Upgrade to JSONB on migration 2020-05-15-toJsonB-9 fails due to unicode \u0000 characters #375

Open riedel opened 3 years ago

riedel commented 3 years ago
04:43:40.029 [            main] ERROR  liquibase.changelog.ChangeSet - Change Set tablesString.xml::2020-05-15-toJsonB-9::scf failed.  Error: ERROR: unsupported Unicode escape seque
nce
  Detail: \u0000 cannot be converted to text.
  Where: JSON data, line 1: ...tus":"607","Reject_count_LongTOF":"0","Checksum":... [Failed SQL: (0) ALTER TABLE "public"."OBSERVATIONS" ALTER COLUMN "RESULT_JSON" TYPE JSONB USING
("RESULT_JSON"::JSONB)]
riedel commented 3 years ago

BTW it would be easier to debug if it would not fail after nearly 2 hours :) . Seems to be a known problem that JSONB does not support \u0000 characters: https://www.postgresql.org/docs/13/datatype-json.html . So what would be the correct replacement encoding for \u0000 in FROST since the SensorThings API I guess allows any json encoding according to RFC4627 from what I could find in the specs.

hylkevds commented 3 years ago

Hmm, \u0000 is the NULL character. If that is the only content in the JSON field, the correct replacement would be setting the entire field to (SQL) NULL. Just out of interest, how many entries are there in this Observations table?

riedel commented 3 years ago

The problem is that we are having about 280 Million Observations. I think the null char is part of a whole string that was passed in the wrong way when parsing. I think we could I guess delete it. What happens if you push strings with unicode null into the data base at the moment?

hylkevds commented 3 years ago

Right now they just get stored as is, since the column is currently a TEXT field that accepts Unicode null characters. You could do a search on the null character to see which rows have one. Might take a while, but then you can see if it really is an issue or if they can just be cleaned out.

riedel commented 3 years ago

Thanks.

Yes, we are currently trying to do this now.

I thought there might be a way to escape the null somehow in FROST on top of postgres since it is a legal JSON character and only a problem of the specific database. But I guess it is an extreme edge case of FROST incompatibilty with the Sensorthings standard which references OData JSON which references the JSON RFC which allows null chars. Maybe it would be good to add a known to fail test case to document this.

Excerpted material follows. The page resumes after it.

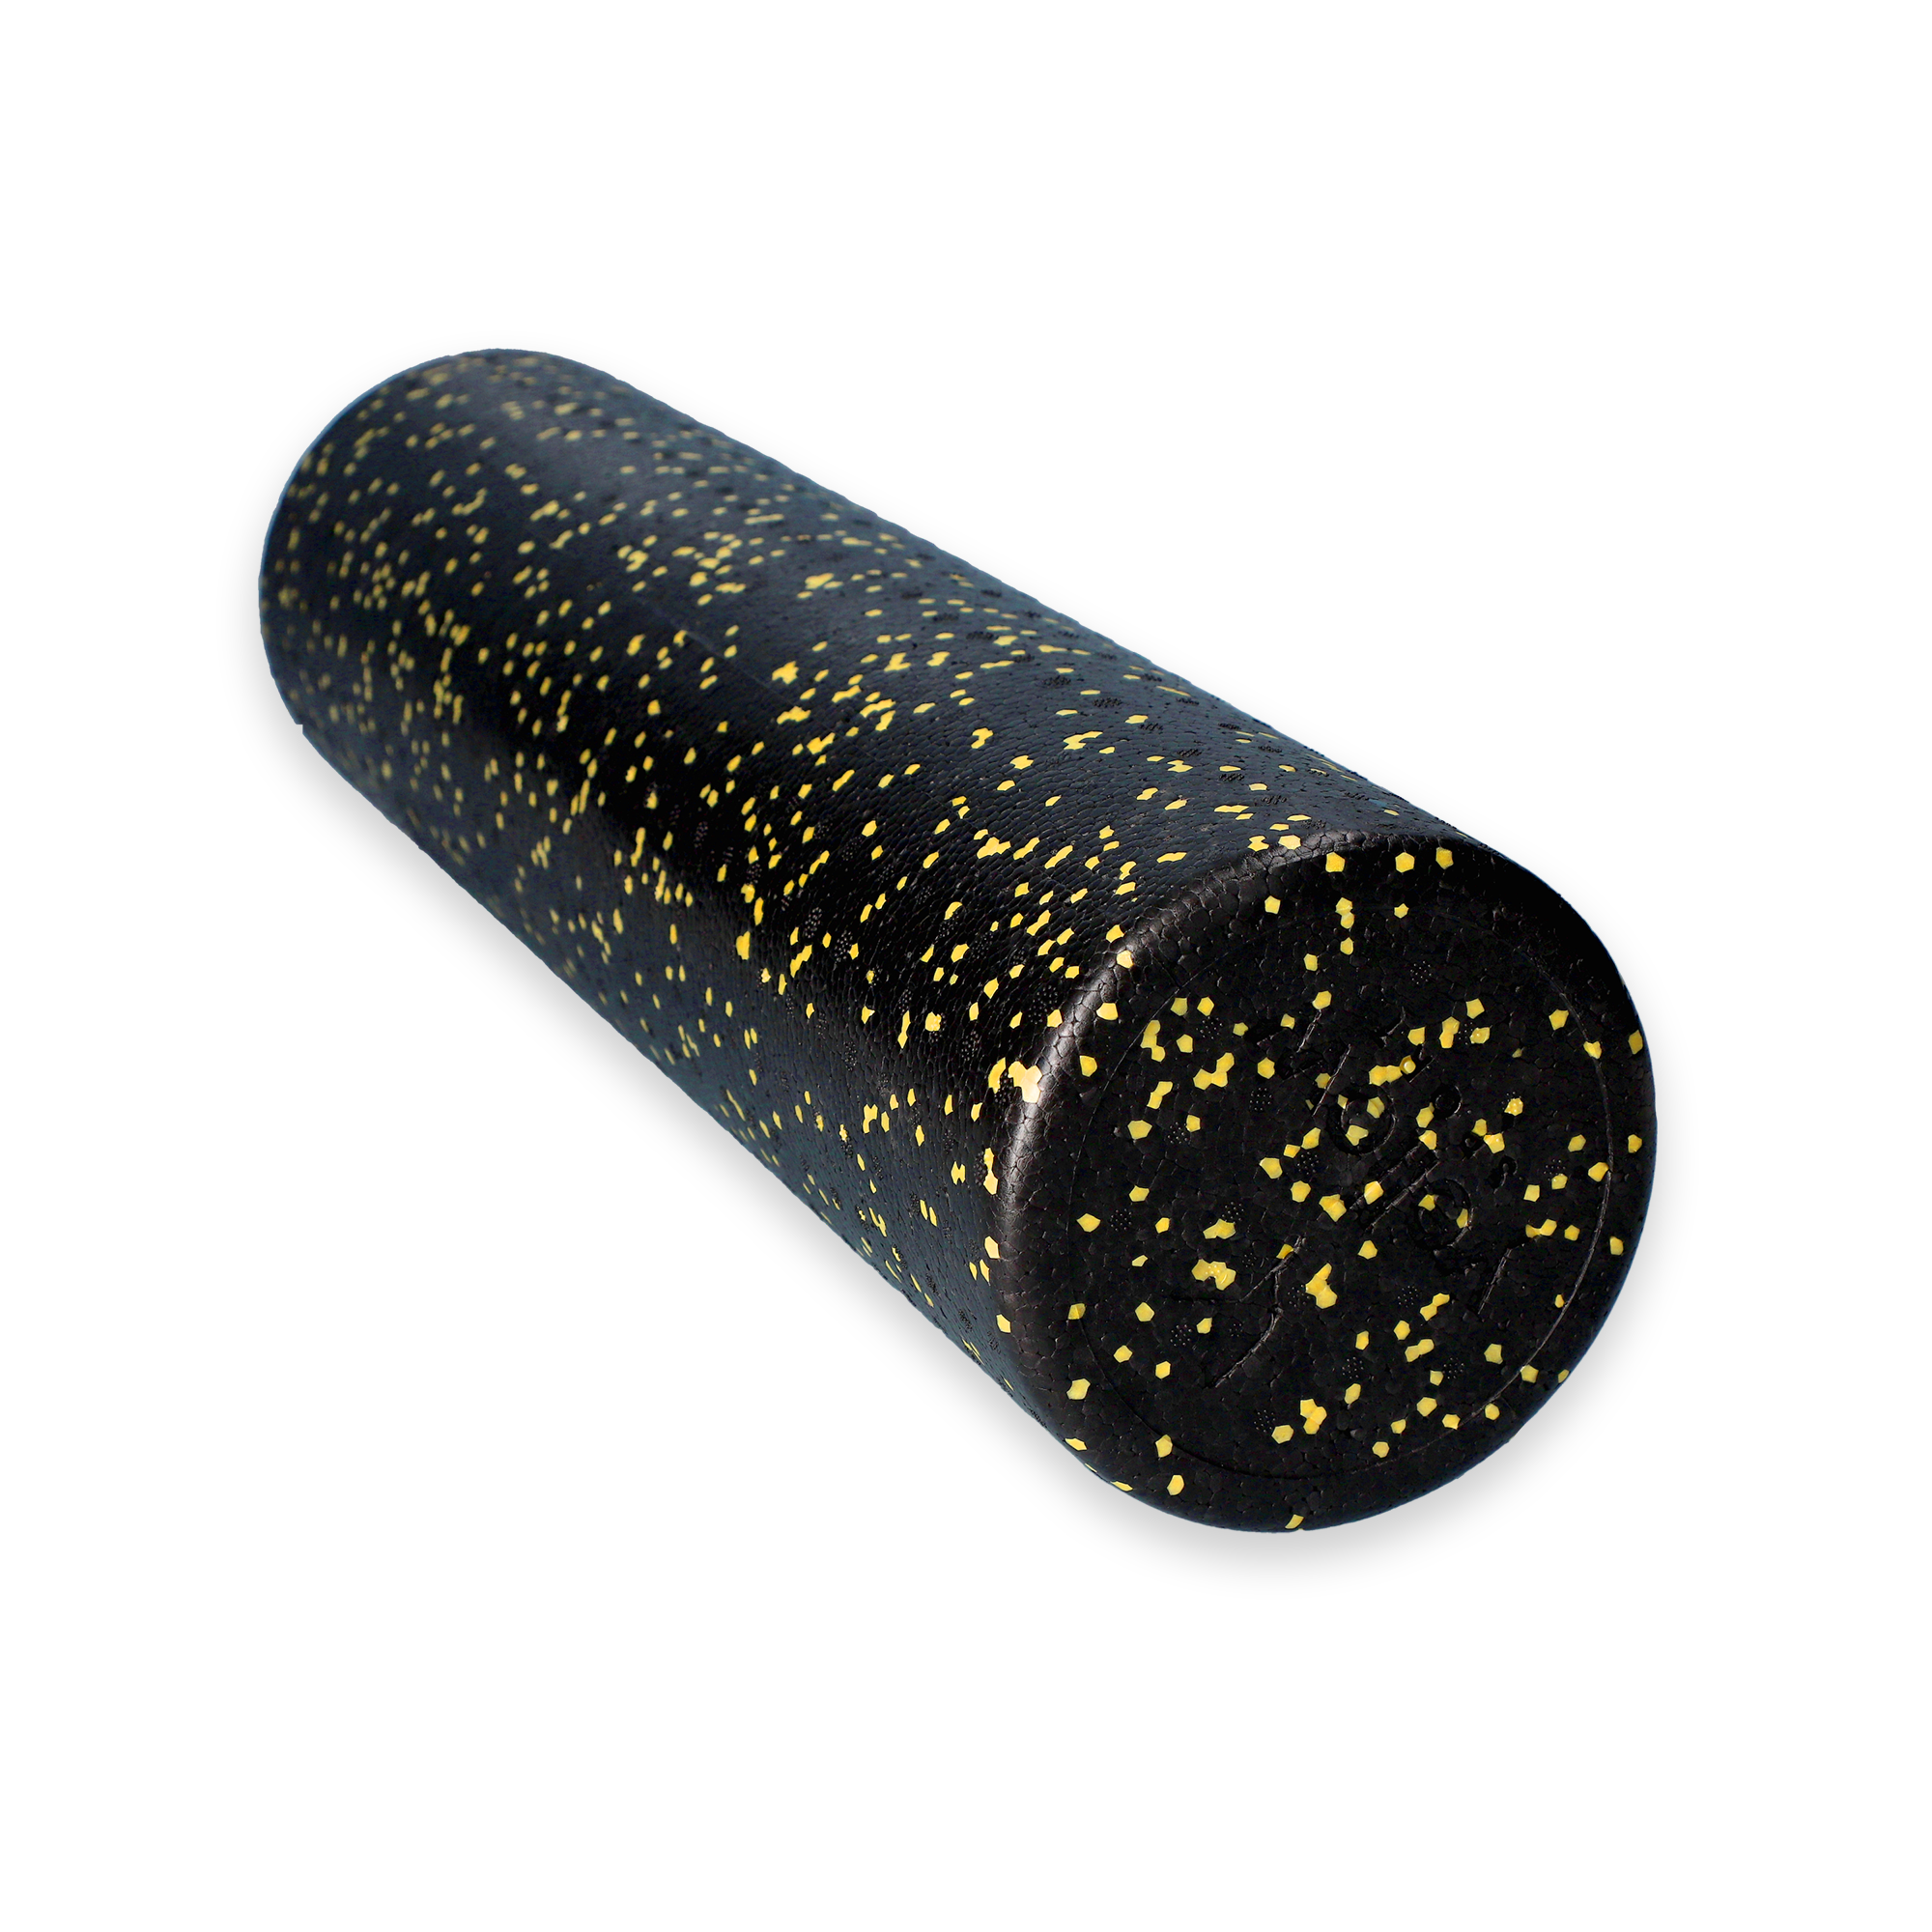 Wałek do masażu yellowROLLER tworzywo EPP, czarno-żółty, 60cm

hylkevds commented 3 years ago

We'll see if other users also encounter this issue. After the conversion to JSONB columns, trying to insert an entity with a null byte in a json string will return an error, so there should not be any new null bytes in the database going forward. We could look into adding an option to convert null bytes to another character (probably U+FFFD REPLACEMENT CHARACTER) on input.

But that won't help you with your current database that already has null bytes in the database...